All settings are passed via the params dictionary. This page documents all 17 user-configurable parameters.

Python
result = await run_analysis(
    query="Your query here",
    groq_api_key=key,
    params={
        "mode": "balanced",
        "model": "openai/gpt-oss-120b",
        "max_iterations": 3,
        # ... other settings
    }
)

Model Selection

model

Which LLM model to use for analysis.

Type String
Allowed Values "openai/gpt-oss-20b", "openai/gpt-oss-120b"
Default "openai/gpt-oss-20b"

When to change:

Choose When
gpt-oss-20b Cost-efficient analysis, faster execution, simpler queries
gpt-oss-120b Complex reasoning, research tasks, when accuracy is paramount
💡

Tip

The larger model costs roughly 2x more but can handle nuanced problems that the smaller model struggles with.

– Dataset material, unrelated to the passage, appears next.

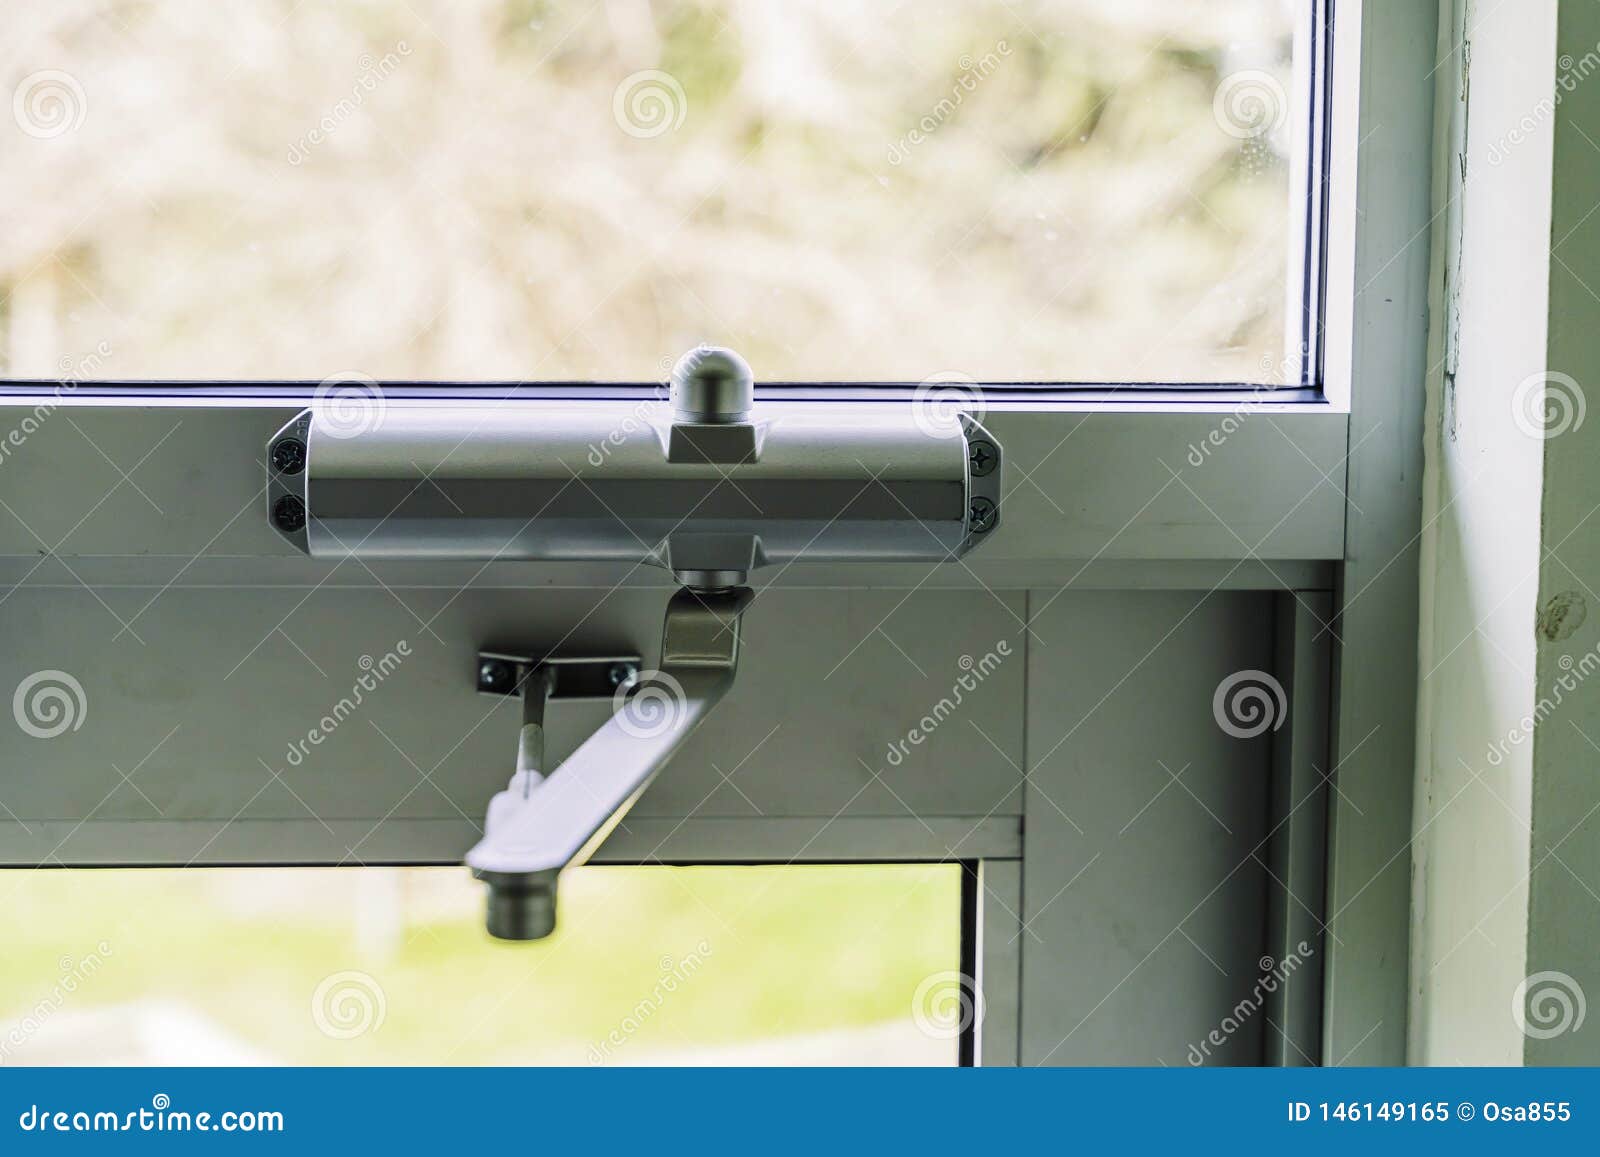 door closer on glass door on building entrace

Start with 20B and upgrade if results are inconsistent.

Execution Mode

mode

Pre-configured execution profile that adjusts multiple settings at once.

Type String
Allowed Values "quick", "balanced", "thorough", "research"
Default "quick"

Mode comparison:

Execution Modes Comparison

Visual Comparison of Execution Modes

Mode Iterations Timeout Best For
quick 1-2 Short Simple questions, fast responses
balanced 2-3 Medium Most general analysis tasks
thorough 3-4 Long Complex problems, important decisions
research 4-5 Extended Deep research, comprehensive analysis

When to change:

  • Use quick for straightforward factual questions or when testing
  • Use balanced for typical analysis work (good default)
  • Use thorough when the answer matters and you need confidence
  • Use research for multi-faceted problems requiring deep exploration

Iteration Control

max_iterations

Maximum number of analysis iterations before forcing synthesis.

Type Integer
Allowed Values 1, 2, 3, 4, 5
Default 2

When to change: Increase for complex problems requiring deep exploration. Decrease for simple queries to save cost.

Effect: More iterations = more thorough analysis but higher cost.

min_iterations

Minimum iterations before allowing early termination.

Type Integer
Allowed Values 1, 2, 3
Default 1

When to change: Increase when you want to ensure the system explores multiple approaches before concluding, even if early results look good.

enforce_iterations

Whether to enforce minimum iterations before allowing termination.

Type Boolean
Allowed Values True, False
Default False

When to change: Set to True when you want guaranteed multi-pass analysis regardless of intermediate quality scores.

Planning Configuration

candidate_plans

Number of candidate plans to generate before selecting the best one.

Type Integer
Allowed Values 1, 2, 3, 4, 5
Default 3

When to change:

Value Situation
1 Simple queries where strategy diversity doesn't help; saves cost
3 Default; good balance of options vs. cost
5 Complex problems where the right approach isn't obvious

enable_complexity_analysis

Whether to analyze query complexity before planning.

Type Boolean
Allowed Values True, False
Default True

Effect: Complexity analysis helps tune task count and strategy appropriately for your query.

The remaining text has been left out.